Within that time frame experts can indeed predict such meteorological
events as specific showers and thunderstorm with some degree of accuracy.)
Steve can cite meteorological research documenting that the prediction
that the weather tomorrow will be exactly like it was today is more likely
to be right than any other predictions that are made. So why do we all
keep checking the weather report and paying attention to it?

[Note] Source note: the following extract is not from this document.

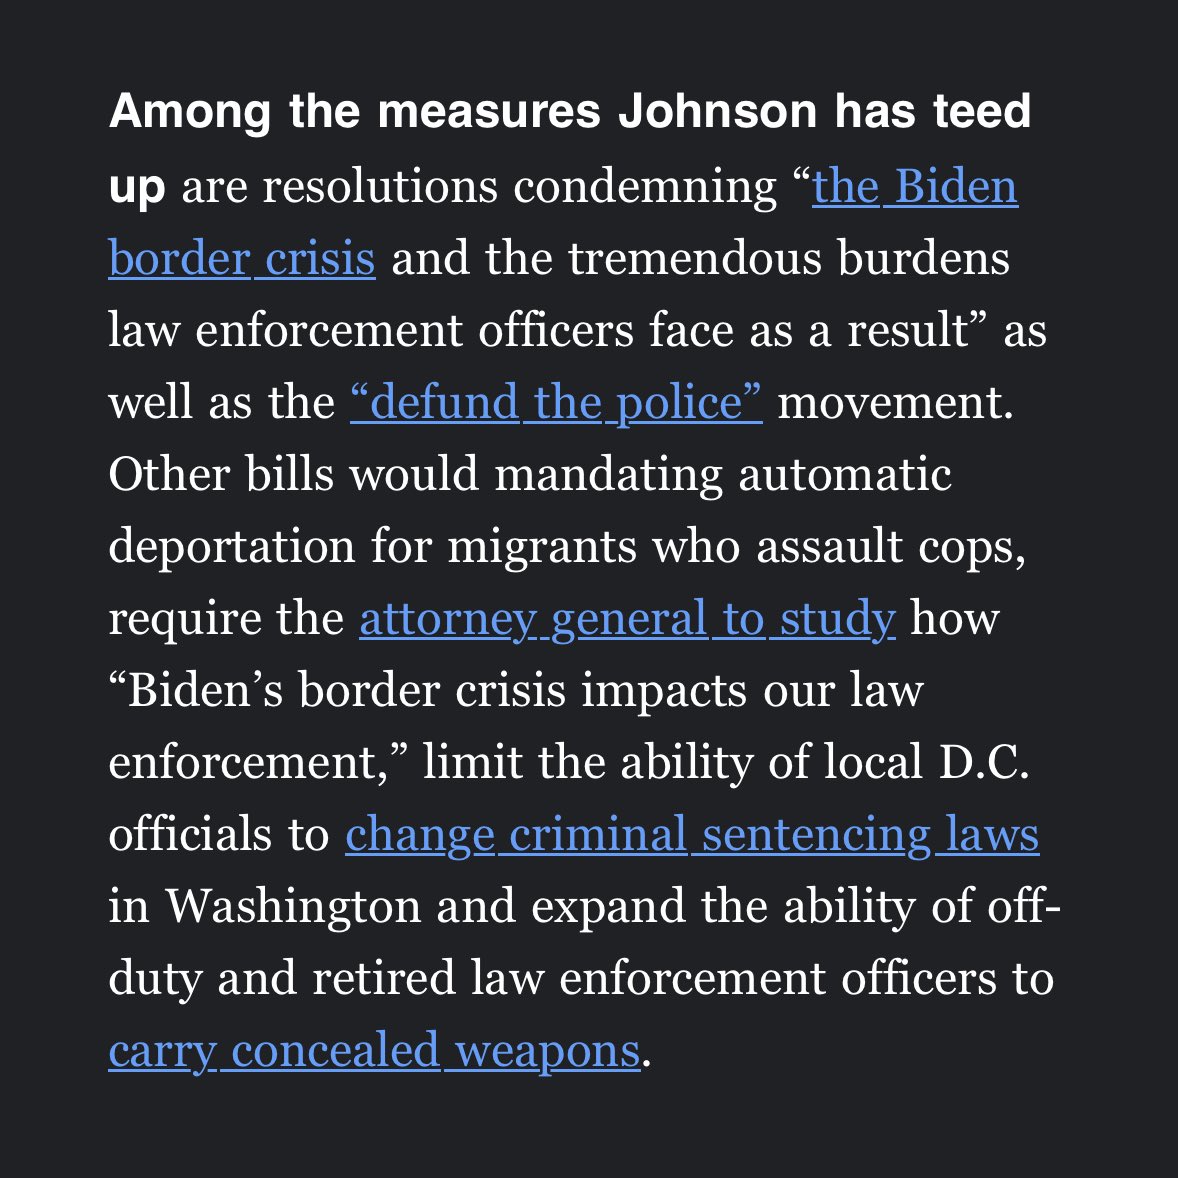 Per Playbook, House Republicans are about to pretend to be pro-law enforcement — but don’t forget: They killed a bipartisan border bill to add security officers They voted to “defund the police” by cutting COPS funding And they defend Jan. 6 rioters who attacked Capitol police

As Patrick
Young (whoever he might be) has said, "The trouble with weather forecasting
is that it's right too often for us to ignore it and wrong too often for
us to rely on it."
Want to
verify just how unreliable long-range weather forecasts are with a simple
exercise? Check the newspaper and tape those five-day projections on your
refrigerator each day for a week. Five days later line up what happened
today with what was predicted five days ago. You will find the forecast
about rain or sunshine was right about as many times as it was wrong.
Flip a coin and your chances will be as good at predicting whether it
will rain or not rain five days from now. This is of course an excellent
school project for a science class or a lesson on probabilities.
My skepticism
about the arcane art of predicting what clouds and wind will be doing
more than a hundred hours from now notwithstanding, like many people I
like to talk about weather--past, present, future. Despite the undeniable
fact that we have absolutely no control over the weather, finding someone
to exchange thoughts with on this topic is never difficult. Yet many a
barbed comment has been made about people who enjoy talking about the
weather.
Among those
who thought weather talk was inane and boring was that consummate wit
Oscar Wilde. "Conversation about the weather," said Wilde, "is
the last refuge of the unimaginative." Kin Hubbard, an Indiana humorist,
said, "Don't knock the weather. If it didn't change once in a while,
nine out of ten people couldn't start a conversation." Perhaps the
most hurtful comment for those of us who find weather fascinating came
from Thomas Fuller, a British physician who died in the 18th century.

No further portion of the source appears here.